Below is an example to watch on the return values of random method of RandomTest class :
[arthas@6099]$ watch RandomTest random "{returnObj}"
Press Q or Ctrl+C to abort.
Affect(class count: 1 , method count: 1) cost in 49 ms, listenerId: 3
method=RandomTest.random location=AtExit
ts=2025-12-28 06:30:08.643; [cost=0.075991ms] result=@ArrayList[
@Double[0.6787309192433806],
]
method=RandomTest.random location=AtExit
ts=2025-12-28 06:30:09.647; [cost=0.02542ms] result=@ArrayList[
@Double[0.35815648410827783],
]
method=RandomTest.random location=AtExit
ts=2025-12-28 06:30:10.648; [cost=0.0272ms] result=@ArrayList[
@Double[0.10915218803808524],
]
2.7 profiler – generate a flame graph using async-profiler
[arthas@6099]$ profiler start --event wall
Profiling started
[arthas@6099]$ profiler stop --format html
OK
profiler output file: /home/ovo/github/BlogTests/java.troubleshooting.thirdparty.tools/arthas-output/20251228-063206.html
[arthas@6099]$
The output of profilling is flame graph in html format :

The details about async-profiler can be found in its github repo :
https://github.com/jvm-profiling-tools/async-profiler
The exhaustive list of arthas commands can be found by below link :
https://arthas.aliyun.com/doc/en/commands.html
Conclusion
BTrace and Arthas are both very powerful open source third party tools for production java process trouble shootings.

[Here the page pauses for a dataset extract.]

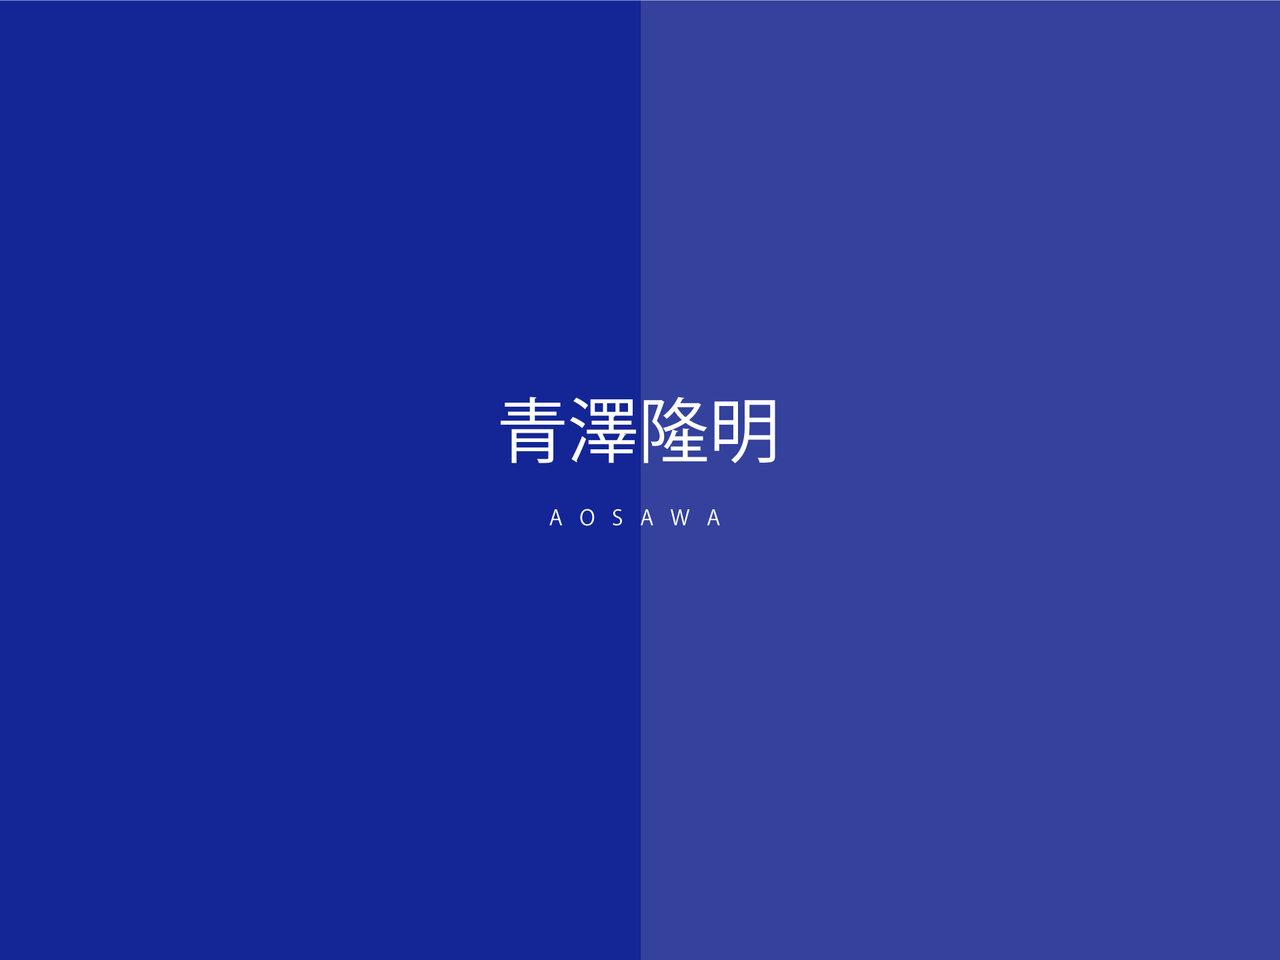 夏の白昼の夢 -大野和士指揮 都響を東京文化会館で聴く
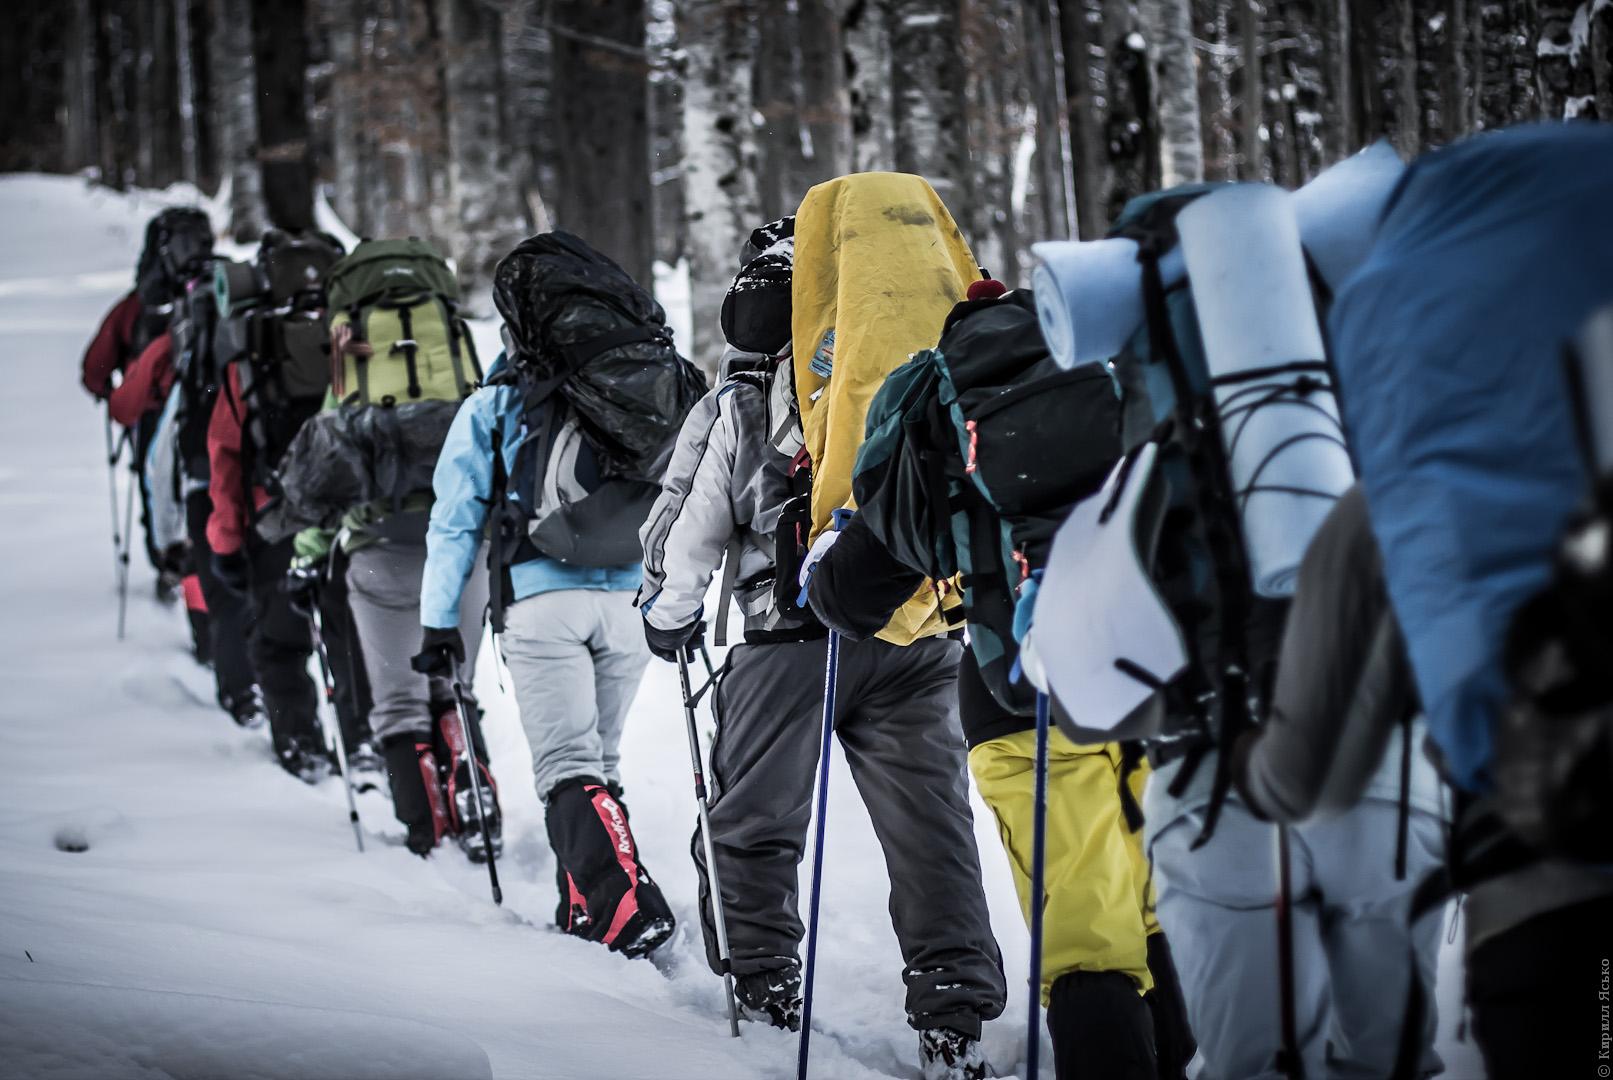 Как выбрать снаряжение для зимнего похода

Personally, i prefer Arthas over BTrace.
Because BTrace needs to create scripts firstly and less documented.
Especially, it has to restart the process after diagnostic done in order to get rid of its instruments.
However Arthas is much easier to use and well documented.
Its stop command allows to detach the process and erase its instruments.
No matter which one you prefer, please use it carefully and cautiously validate in the local before using it in the production environment.